Can someone give me 3 lines from the poem 'Thanatopsis' by William Cullen Bryant and explain what they mean? Thanks.It's this project where we...

As a Romantic poet, William Cullen Bryant felt a closeness with nature.  One of the ever-present lessons of nature is the organic cycle of birth, growth, death, and rebirth.  It is interesting that, while Bryant composed the first version when he was only sixteen, he later revised it as an adult who had survived a close call with death. Because of his experience and his wiser perspective as an adult, there is great depth of feeling as well as insight in his poem.  Bryant's poem reminds the reader of his theme oneness with nature in lines 17 through 72:



To Nature's teachings, while from all around--/Earth and her waters, and the depths of air--Comes a still voice,--



Another motif that is in Bryant's poem is that Death equalizes us all, for we are all equally children of Nature:



...Thou shalt lie down/With patriarchs of the infant world--with kings,/The powerful of the earth--the wise, the good,/Fair forms and hoary seers of ages past,/All in one mgihty sepulcher. (ll.33-37)

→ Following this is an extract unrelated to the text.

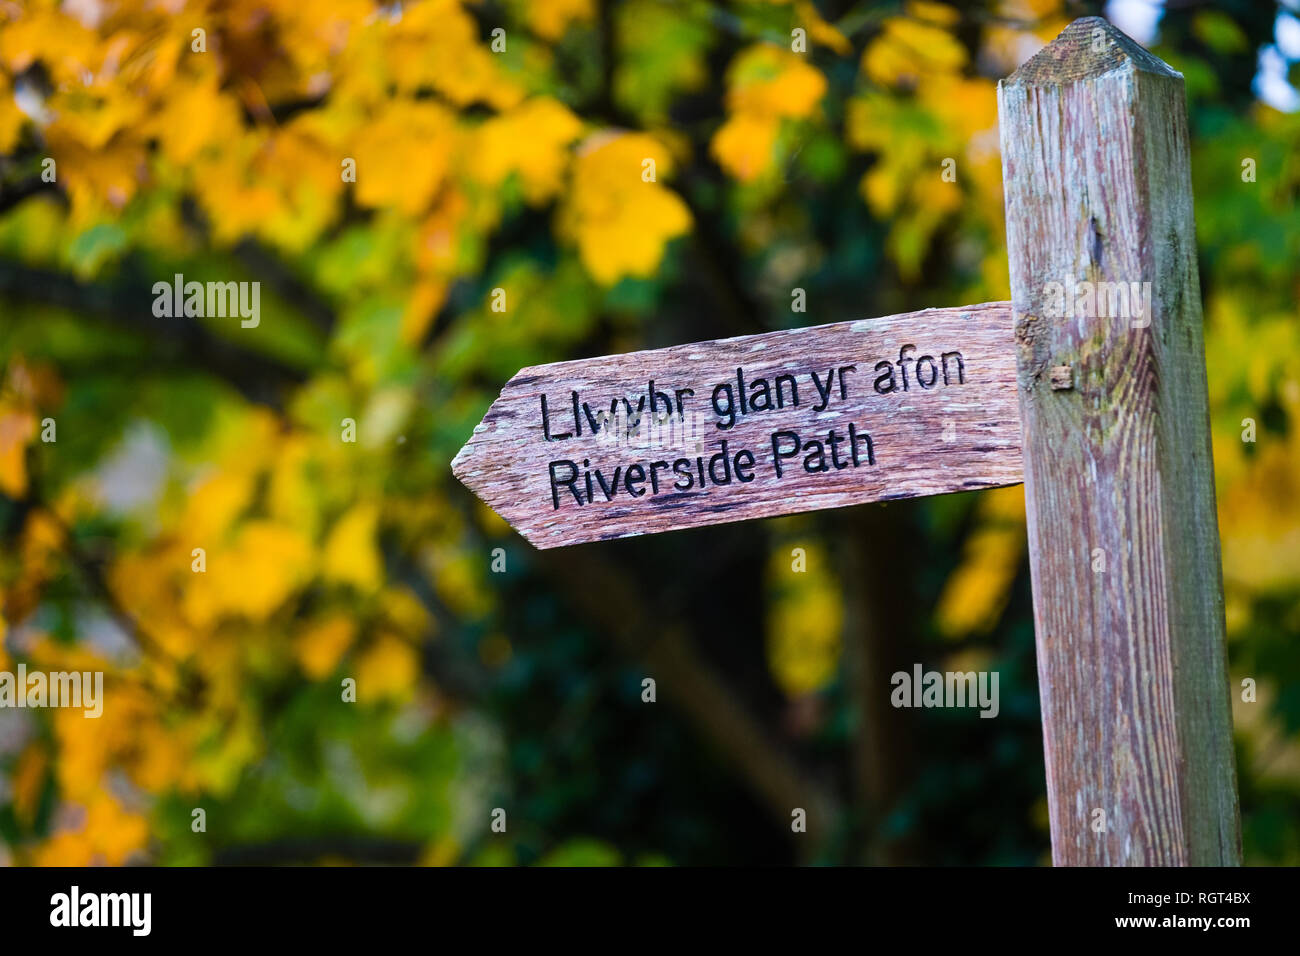 Une ancienne weatheredwooden fabricants post avec des mots anglais et gallois bilingue pour Llwybr Glan yr Afon / chemin Riverside, avec les feuilles d'automne dans l'arrière-plan. Pays de Galles UK Banque D'Images

Thus, because a person becomes one with Nature and the equal of kings, he/she should



By an unfaltering trust, approach thy grave,/Like one who wraps the drapery of his couch/About him, and lies down to pleasant dreams.  (ll.79-81)



These last three lines, indeed, can certainly provide a consolation to the dying as well as to the bereaved family of one who has died.